» **Available data**:
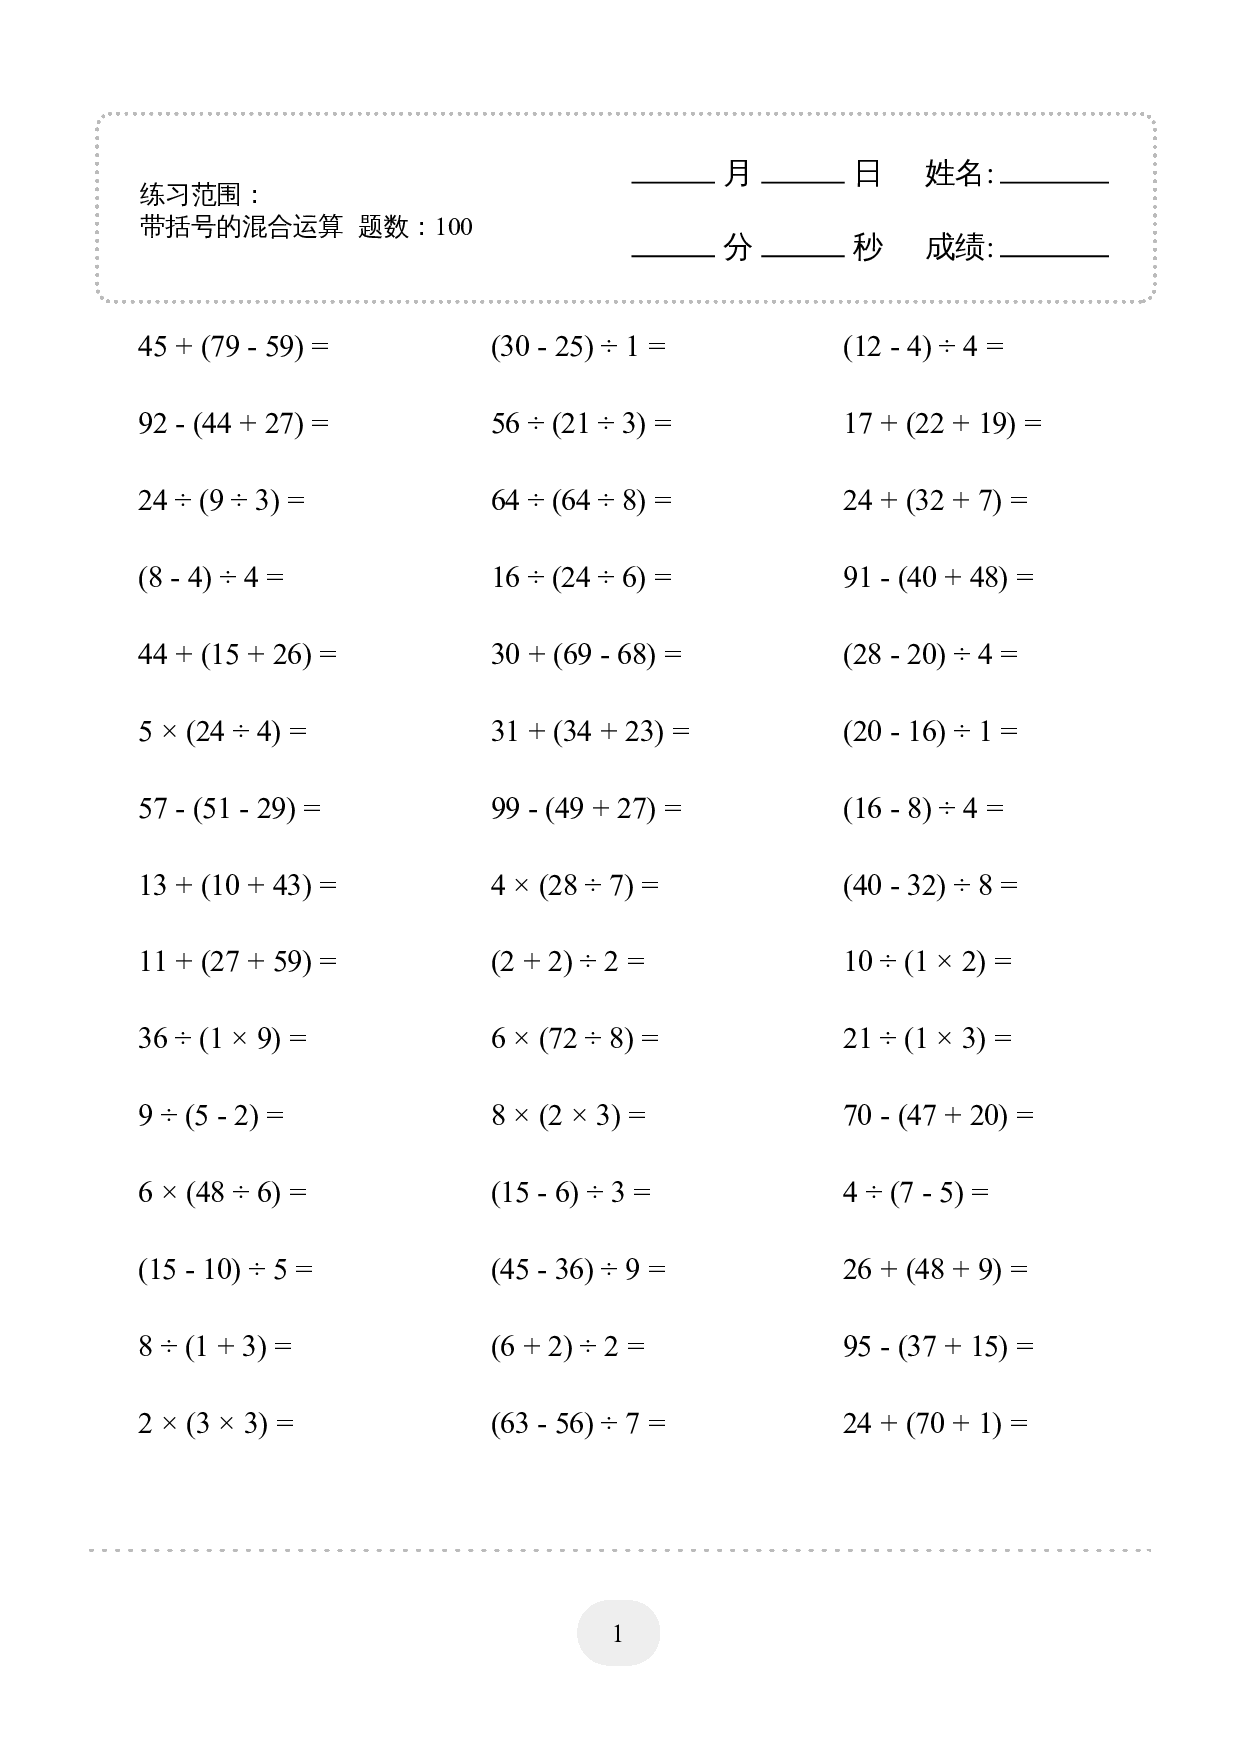 2年级下册数学口算题 (带括号的混合运算) 1000题
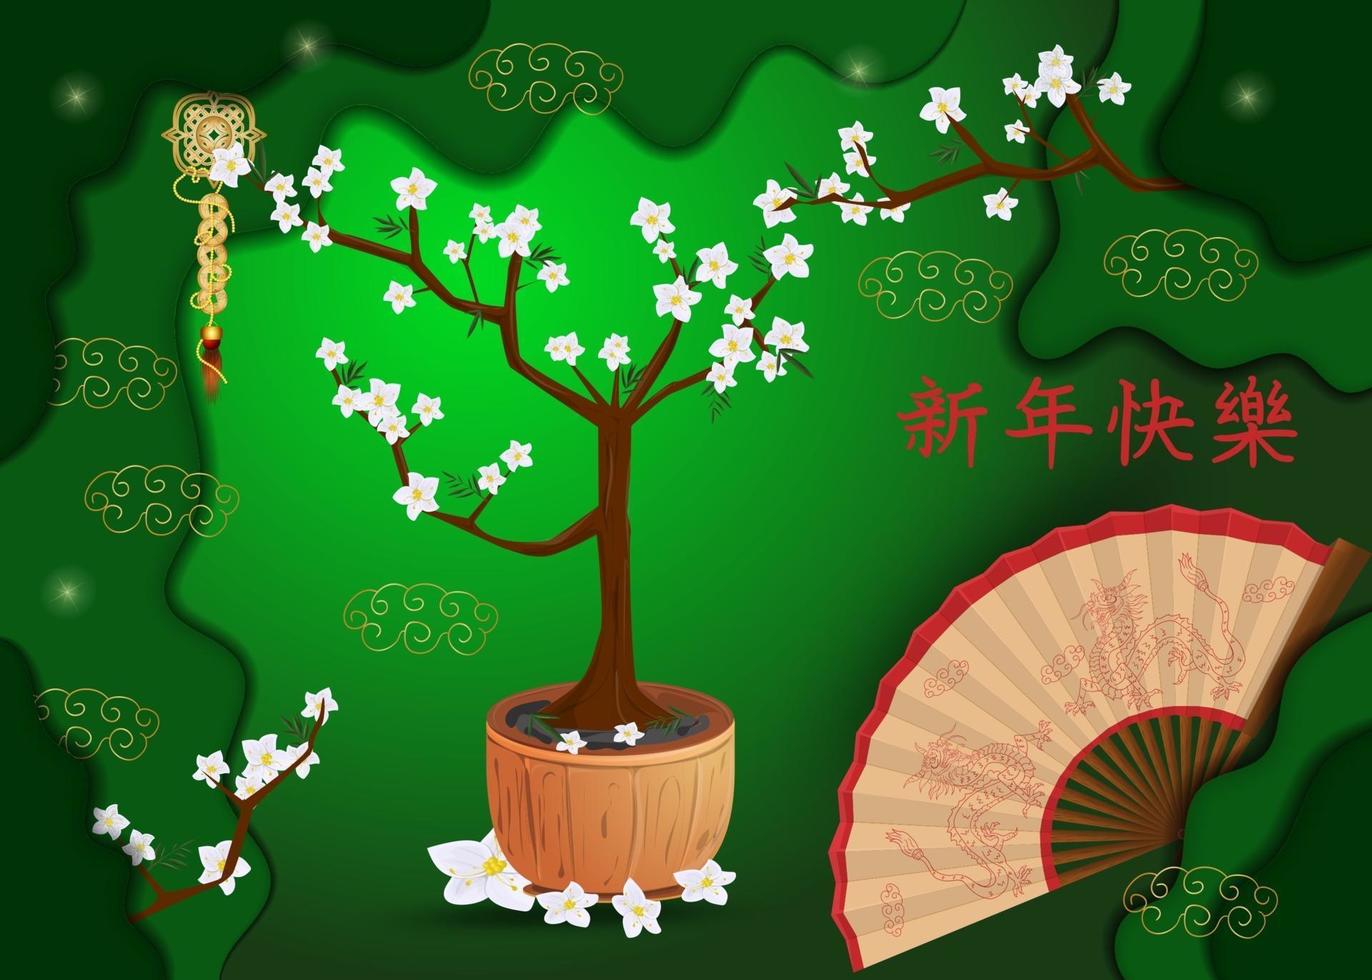 kinesiska nyår gratulationskort design vektor
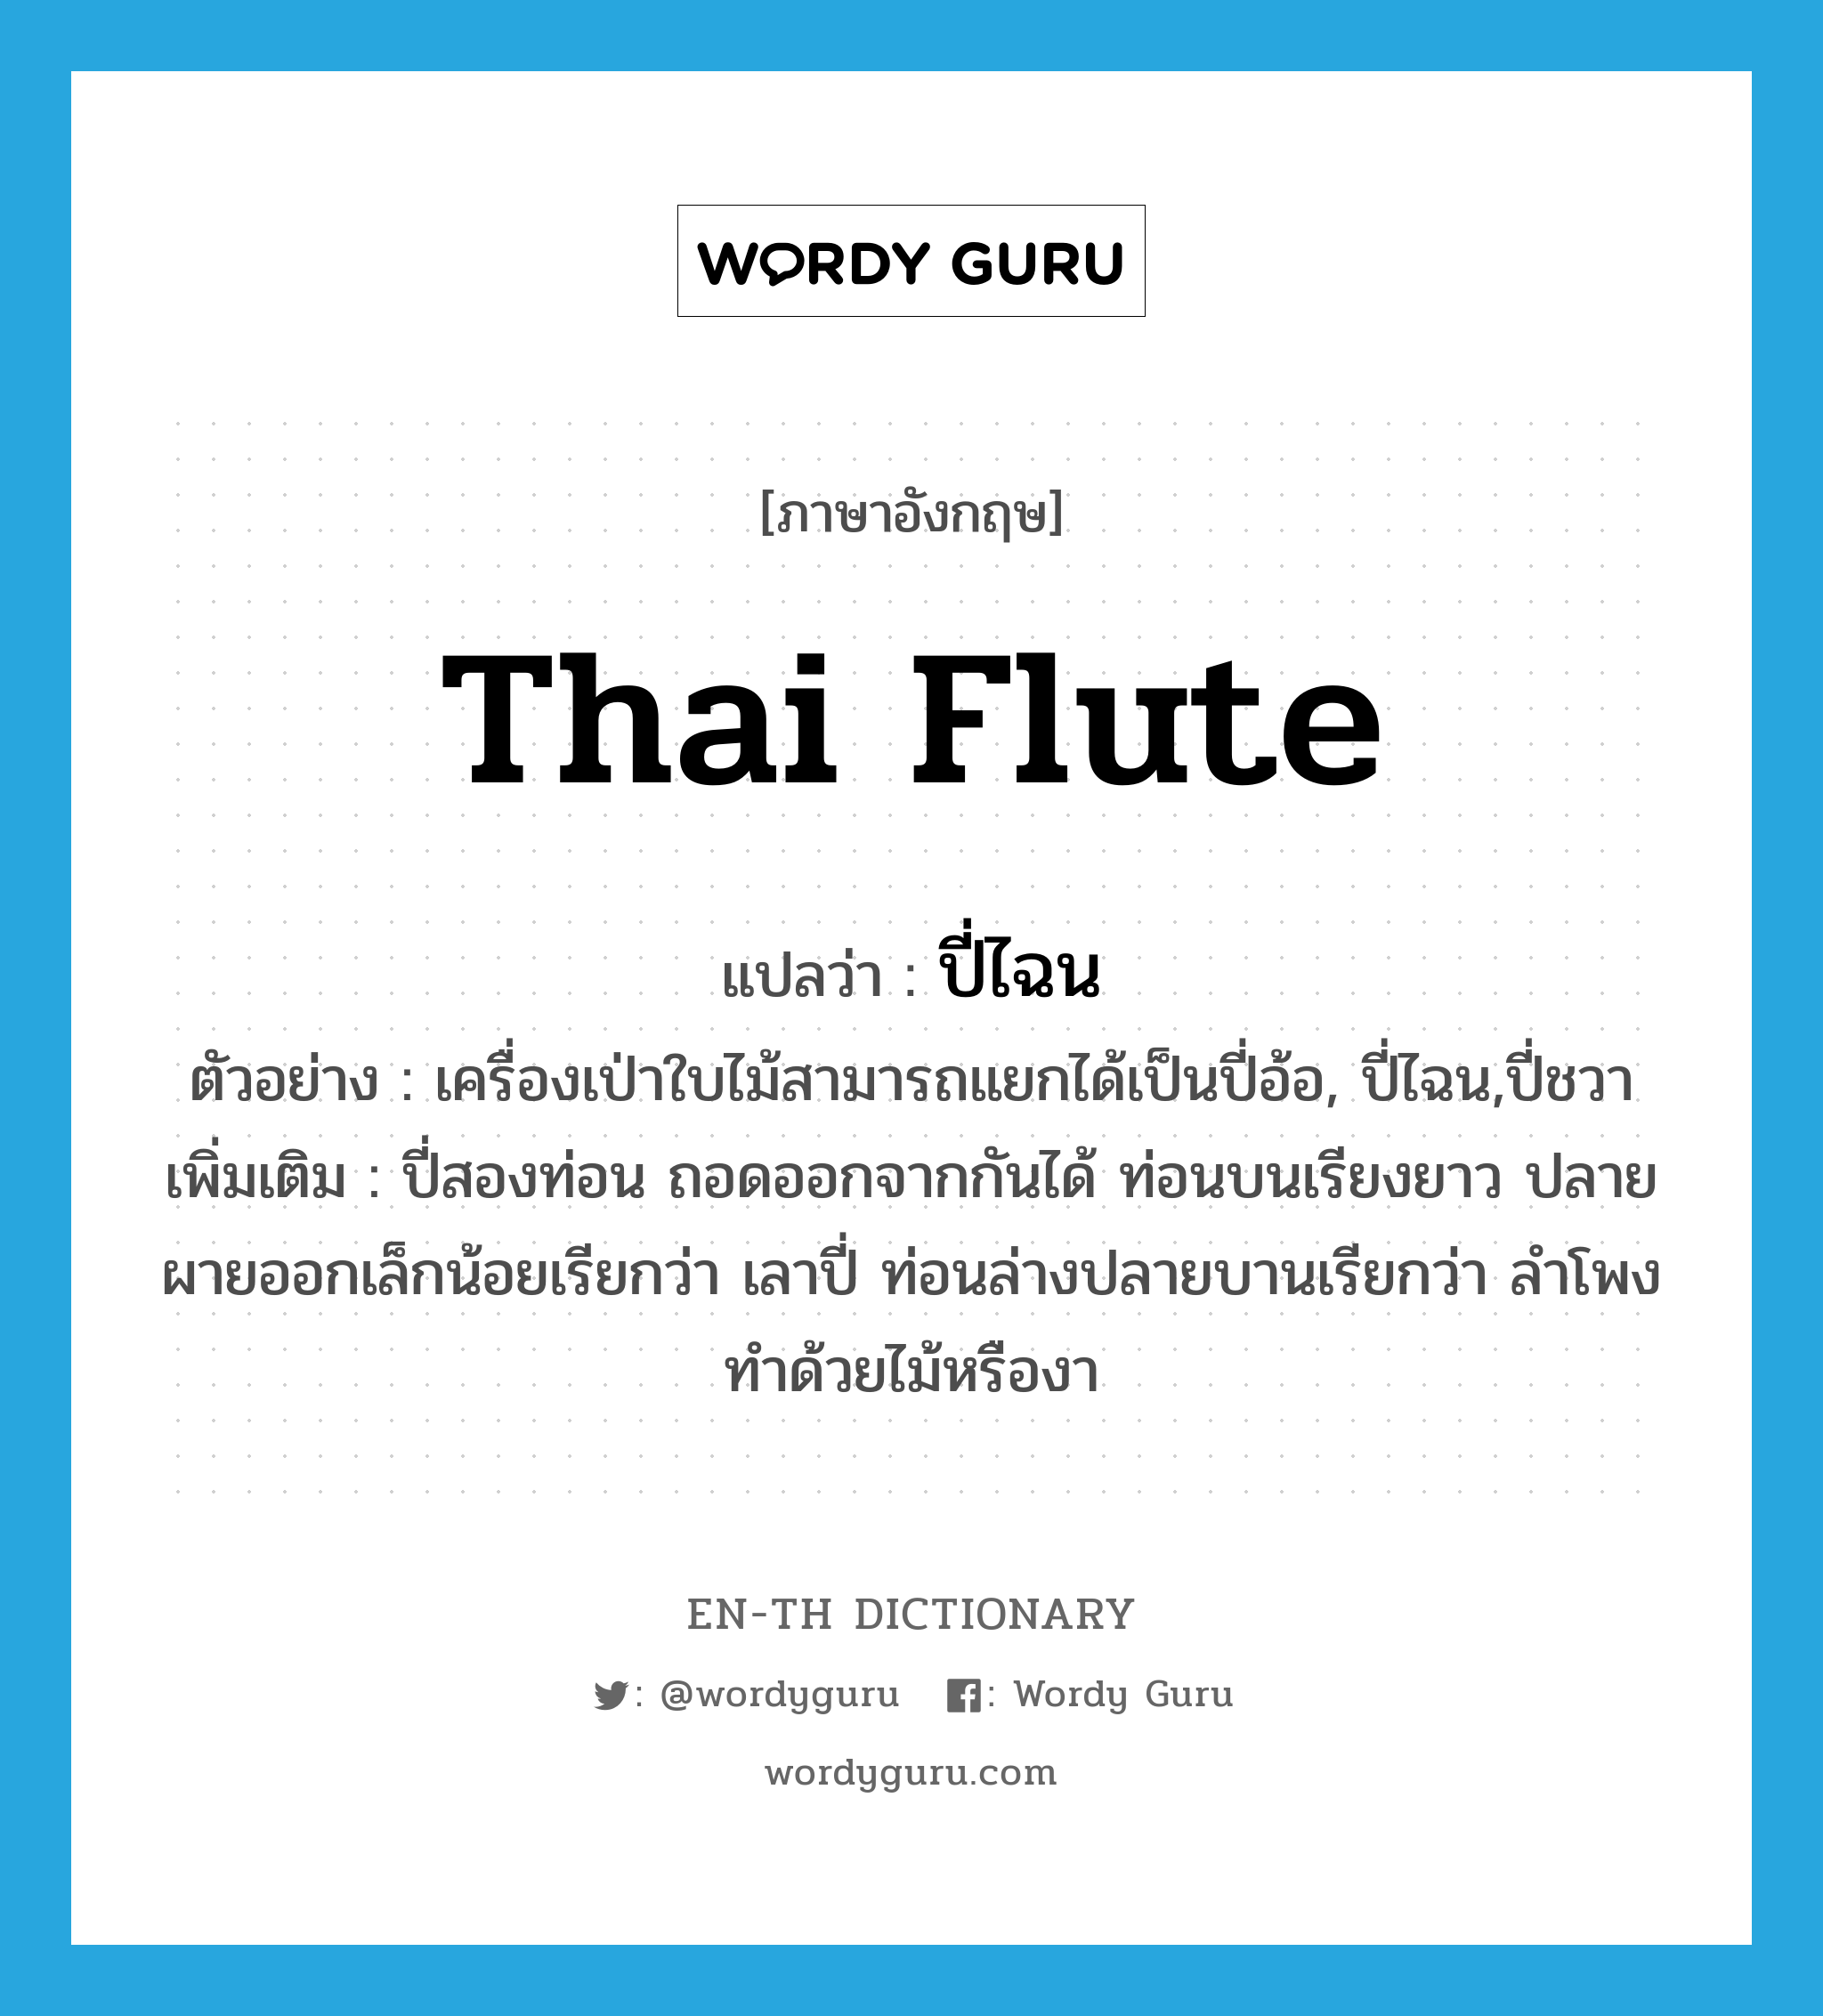 ปี่ไฉน ภาษาอังกฤษ?, คำศัพท์ภาษาอังกฤษ ปี่ไฉน แปลว่า Thai flute ประเภท N ตัวอย่าง เครื่องเป่าใบไม้สามารถแยกได้เป็นปี่อ้อ, ปี่ไฉน,ปี่ชวา เพิ่มเติม ปี่สองท่อน ถอดออกจากกันได้ ท่อนบนเรียงยาว ปลายผายออกเล็กน้อยเรียกว่า เลาปี่ ท่อนล่างปลายบานเรียกว่า ลำโพง ทำด้วยไม้หรืองา หมวด N

» **Problem description**:
Before copying the material, set its pictures aside; then transcribe it word for word.

» **Answer space**:
 2年级下册数学口算题 (带括号的混合运算) 1000题
 kinesiska nyår gratulationskort design vektor
 ปี่ไฉน ภาษาอังกฤษ?, คำศัพท์ภาษาอังกฤษ ปี่ไฉน แปลว่า Thai flute ประเภท N ตัวอย่าง เครื่องเป่าใบไม้สามารถแยกได้เป็นปี่อ้อ, ปี่ไฉน,ปี่ชวา เพิ่มเติม ปี่สองท่อน ถอดออกจากกันได้ ท่อนบนเรียงยาว ปลายผายออกเล็กน้อยเรียกว่า เลาปี่ ท่อนล่างปลายบานเรียกว่า ลำโพง ทำด้วยไม้หรืองา หมวด N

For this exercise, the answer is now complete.